The double doors opened onto a marble-floored foyer, lights flickering on automatically as we stepped in. Stone and granite finishes. Sleek modern design. A concealed bar hidden behind elegant paneling. The guest bedroom alone rivaled most luxury suites, with a massive walk-in closet and a bathroom featuring an aromatherapy shower. In the main living space, an enormous 20-foot dining table sat beneath a dazzling chandelier.
When members of the Royal Family stay here, both the mattresses and toilets are swapped out.

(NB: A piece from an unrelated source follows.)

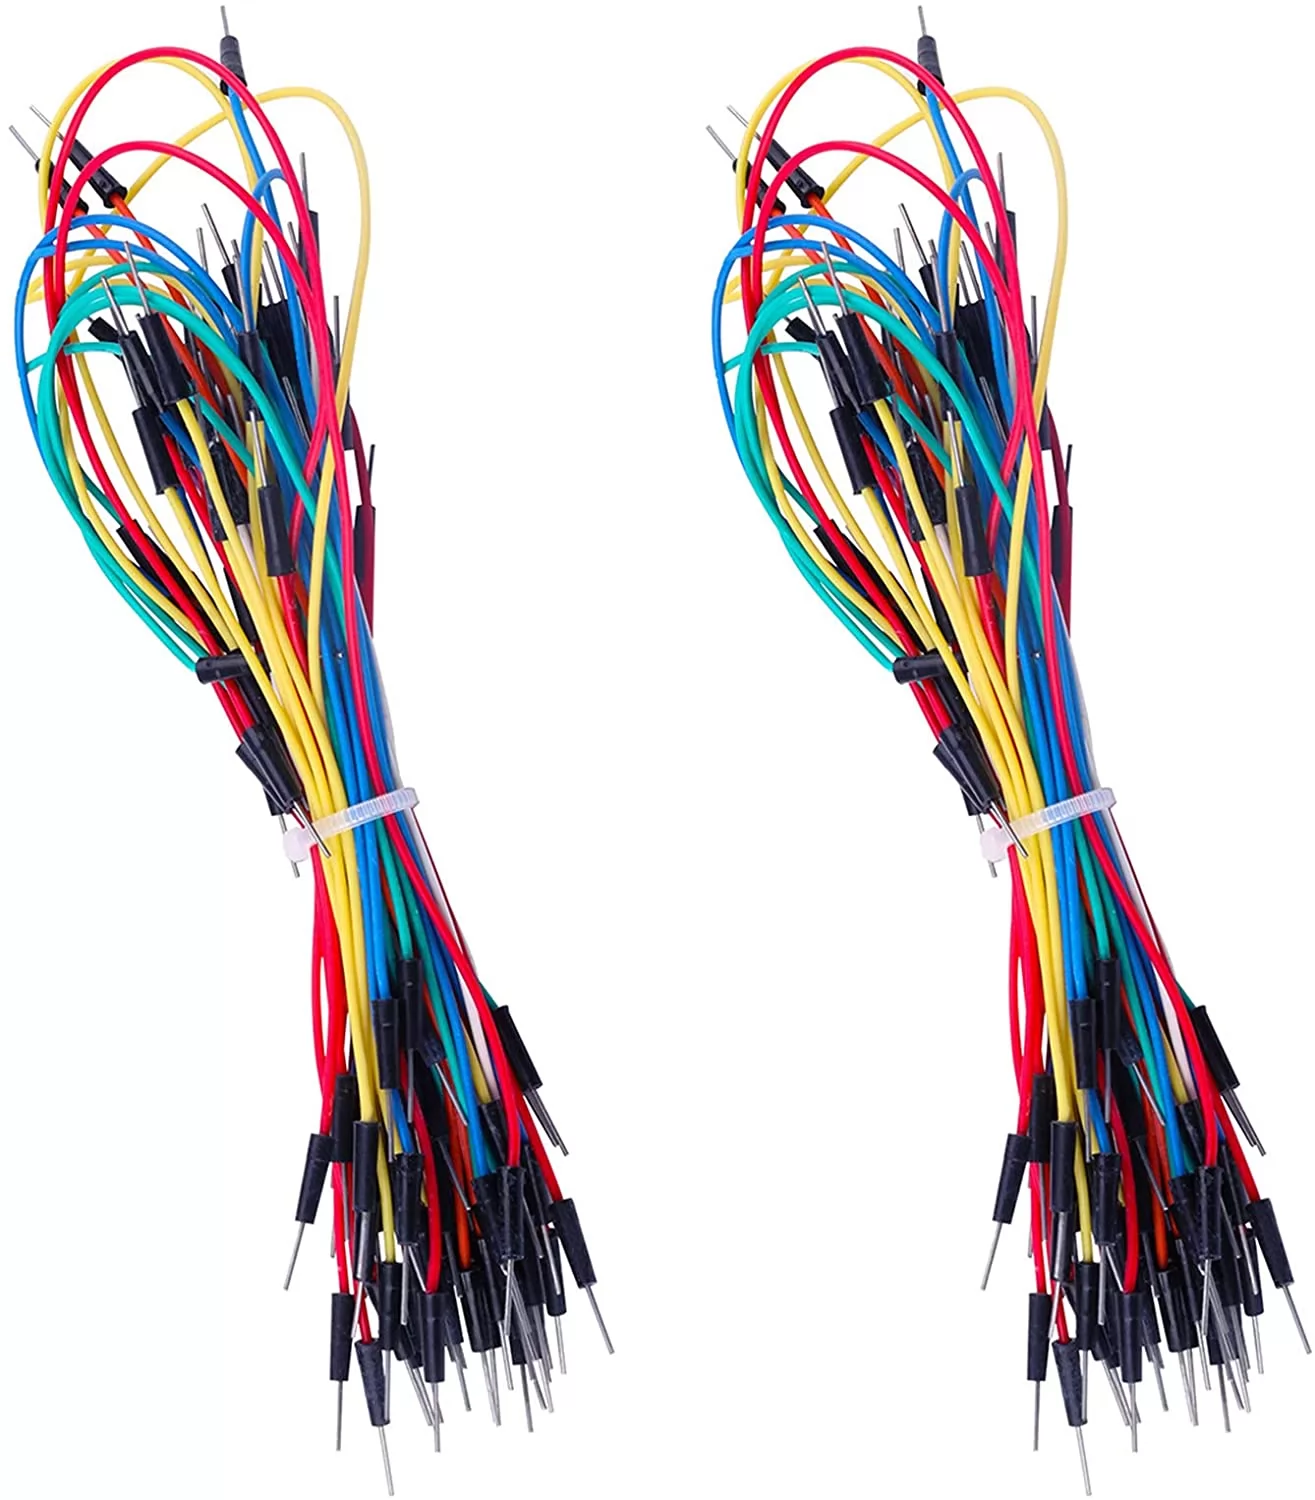 130pcs Solderless Flexible Breadboard Jumper Wires Male to Male for Arduino Raspberry Pi Breadboard

The master bedroom outshone even the guest space with its stately bed, expansive layout, and rich décor. With a full-service kitchenette — the largest in the hotel — and a separate entrance for staff, the suite was as functional as it was glamorous. We guessed its nightly rate and still undershot by thousands. At $15,000 CAD per night, the Royal York's penthouse is a true indulgence. Standing there, it wasn't hard to see why.
The Rooftop
I didn't know where we could go that could possibly top the penthouse. Then we literally went higher.

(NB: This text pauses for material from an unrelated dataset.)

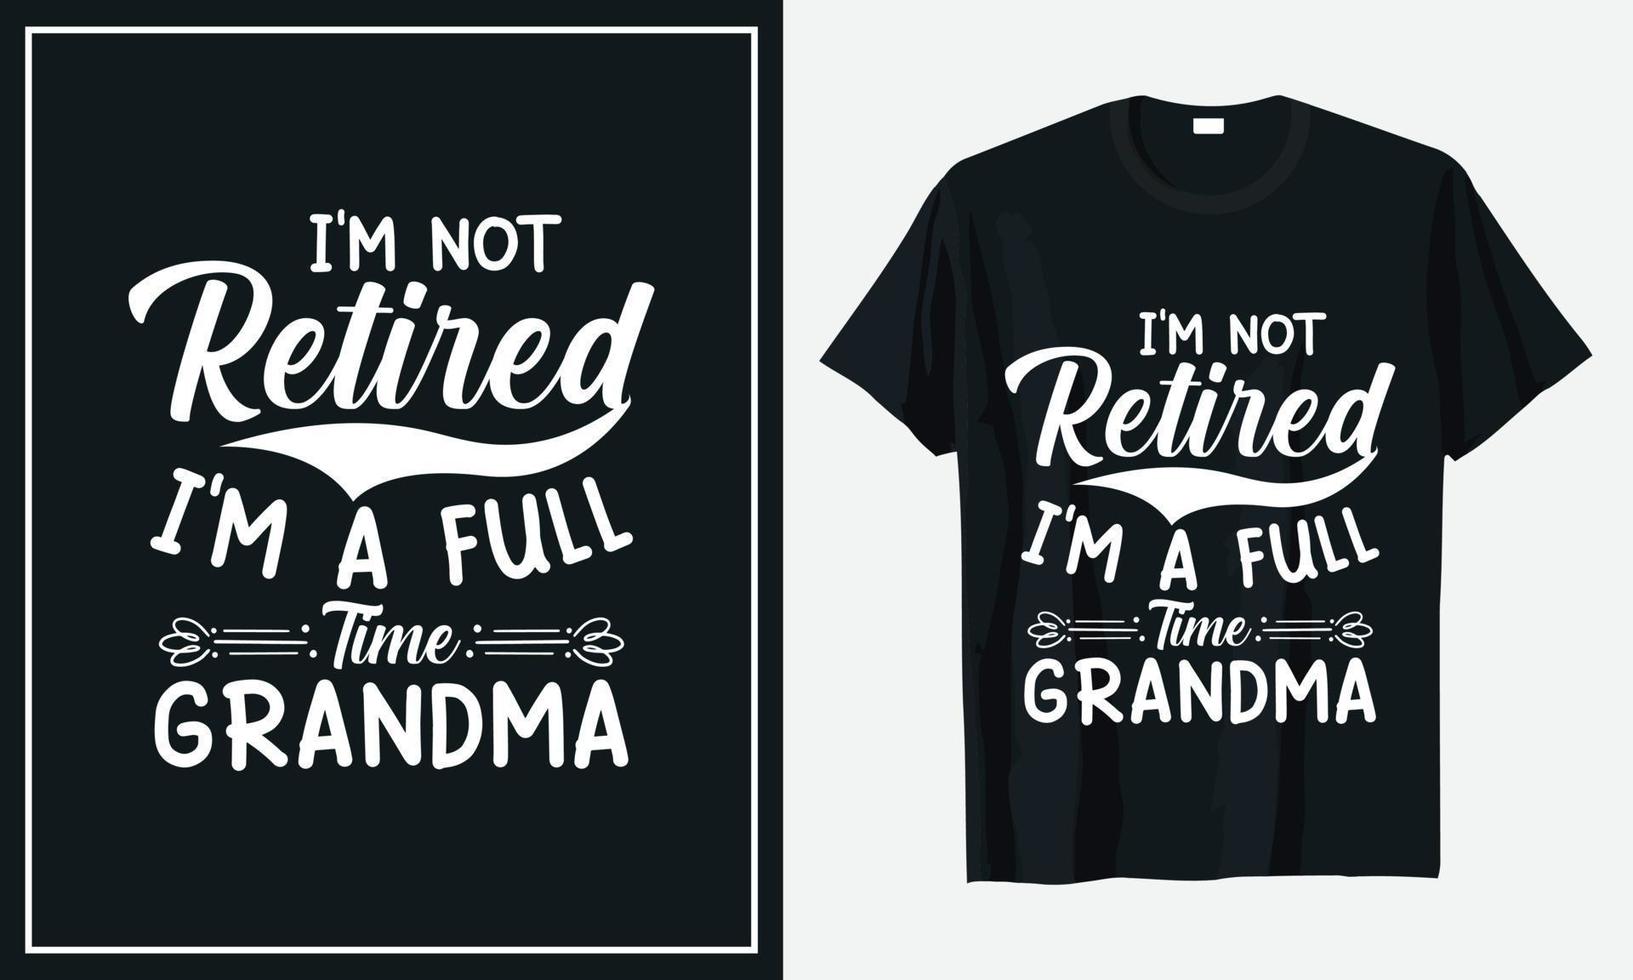 conception de t-shirt fête des grands-parents impression vectorielle premium vecteur

Several flights of stairs and one double-locked door later, we stepped out onto the 28-story rooftop of the Fairmont Royal York, directly beneath its glowing red neon sign. I ran my hand along the griffin-headed grotesques perched on each corner of the rooftop's edge — lion-bodied, eagle-faced sentries watching over the city. These mythical figures are more than decoration. They're symbolic guardians rooted in Gothic architecture, meant to protect the building's inhabitants. On their backs, each bore a mason's mark — subtle etchings left behind by the stonecutters who carved them. Toronto's heritage, preserved in stone.
Nearby, our guide pointed out where Jim Morrison scratched his name into the copper roof in 1967. On a neighboring rooftop fifteen stories below, eight beehives produced nearly 400 pounds of honey a year for use across the hotel's restaurants and bars. The CN Tower stood tall to our right, and the whole of Toronto stretched toward Lake Ontario ahead of us. It was the perfect final view — a panoramic moment at the top of the city.
Our tour was entirely unplanned and serendipitous — the product of having met our guide the day before at another event. I couldn't have been luckier to experience one of Canada's grand railway hotels from this rare, behind-the-scenes perspective. Most guests may never see half of what we did, unaware of the many secrets and storied layers folded into its walls.
Modern comfort in preserved grandeur sums up the Fairmont Royal York. A crossroads of luxury, history, functionality, and culture. Less a hotel, more a living, timeless museum.